本当は何度に設定すべき? 夏場の冷房の推奨温度と適温の目安

夏場の冷房の推奨温度と適温の目安についての監修:田中 真紀子(たなか まきこ)
ライター:UP LIFE編集部
2022年7月19日
空気

「夏の冷房は28度に設定しましょう」と、耳にしたことはありませんか? でも、実際に28度で設定したら、「何だか暑い……」ということもありがちです。本当のところ、何度に設定すればいいの? そんな疑問を、家電エキスパートの田中真紀子さんにぶつけてみました。健康的かつ快適に夏を乗り切るために、ぜひ参考にしてください。

「冷房時は28度が目安」と言われるのはなぜ?

写真:エアコンとリモコン

冷房時の設定温度を考えるなら、まず押さえておきたいのは「28度」と言われる理由です。実はこの「28度」は、環境省が目安として推奨する「冷房時の室温」であり、「冷房の設定温度」とは異なるもの。では、なぜ「28度」が目安なのでしょうか?

「室温28度」はクールビズの服装が前提

田中さんによると、この「28度」の背景には、環境省が推進する“クールビズ”があるのだとか。
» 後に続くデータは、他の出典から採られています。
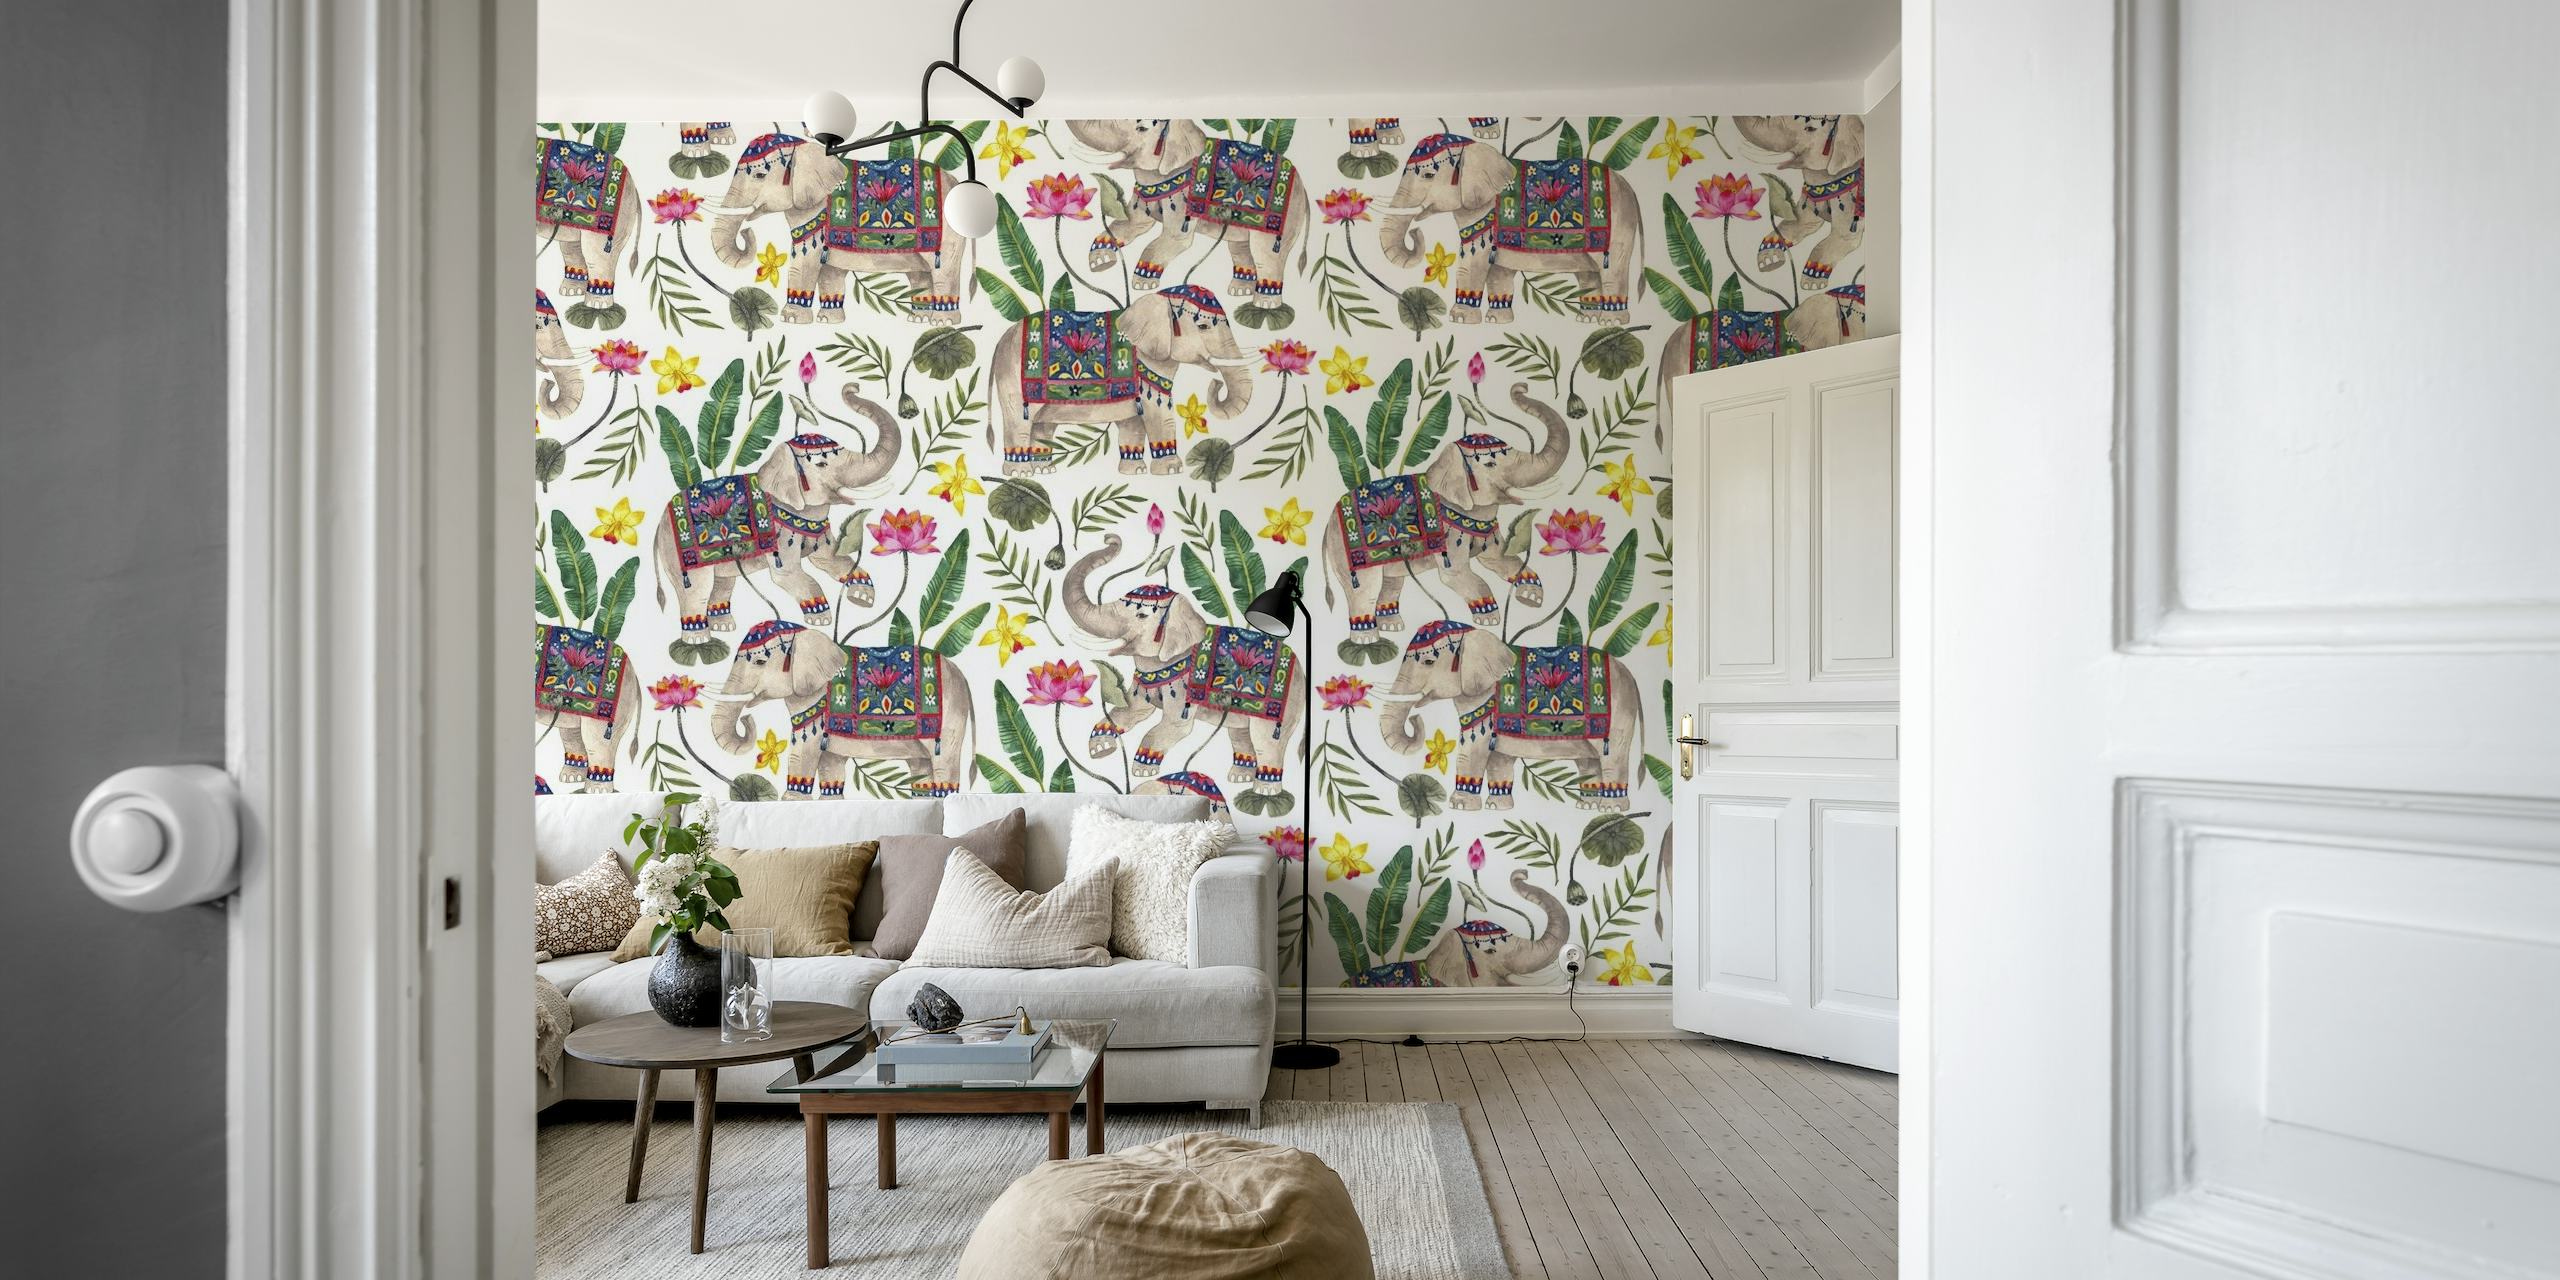 Elephants with Banana leaves wallpaper

「28度は、クールビズの一環で提唱している“快適に過ごせる軽装”時の体感に基づいて設定されたもの。室温26度下でスーツを着用しているときの温熱感と、室温28度下でクールビス推奨の軽装時の温熱感がほぼ同じである、という実験結果に基づき、算出されています」

ならば、エアコンの設定温度を28度にすれば、結局、室温28度になるのでは……? そんな考えが浮かびますが、一概にそうとは言えません。この理由には、エアコンを使用している部屋の環境が関わってくるとのこと。また、室温28度にしても、体感温度によっては快適に過ごせないこともあるそうなので、その辺りも田中さんに詳しく聞いてみましょう。

冷房の設定温度=室温にならない理由と対処法

写真:設定温度の目安

「設定温度を28度にしても、必ずしも室温が28度になるとは限りません」と、田中さん。果たしてその理由とは……?

室内の環境によっては室温が下がりにくいことも

「同じ室内でもエアコン気流の循環が悪ければ温度ムラができますし、断熱性が悪い、吹き抜けがある、西日が差し込むといった建物の構造上、室温が下がりにくい場合もあります。28度はあくまで目安ですが、手元に温度計を置いて実際の温度を確認してみるのもいいでしょう」

室温が思うように下がらないときはどうする?

28度に設定しているのに、暑い……。そんなときは、「設定温度を下げるといい」と、田中さん。さらに、「湿度や気流をコントロールすることでも、涼しく感じられる場合があります」と、体感温度を下げる方法も教えてくれました。詳しくは、次項でご紹介しましょう。

体感温度によっても変わる、室温28度の快適さ

写真:日傘をさす女性

先ほどから話題に上る体感温度ですが、そもそもどういうものなのでしょうか?

「暑がり」「寒がり」の違いも体感温度にあった!

「体感温度とは、実際の温度とは異なり、その人が感じている温度のこと。同じ部屋で冷房をつけていても、1人は暑く感じ、1人は寒く感じるのは、体感温度が異なるからです。その体感温度は、気温だけでなく湿度や気流(風速)、日差しなどの熱放射のほか、活動レベルや着衣によって左右されます」

「代謝量」「着衣量」「気温」「熱放射」「風(気流)」「湿度」の6つの要素は温熱指標とも呼ばれます。では、これら6つの要素は、どのように体感温度を左右するのでしょうか?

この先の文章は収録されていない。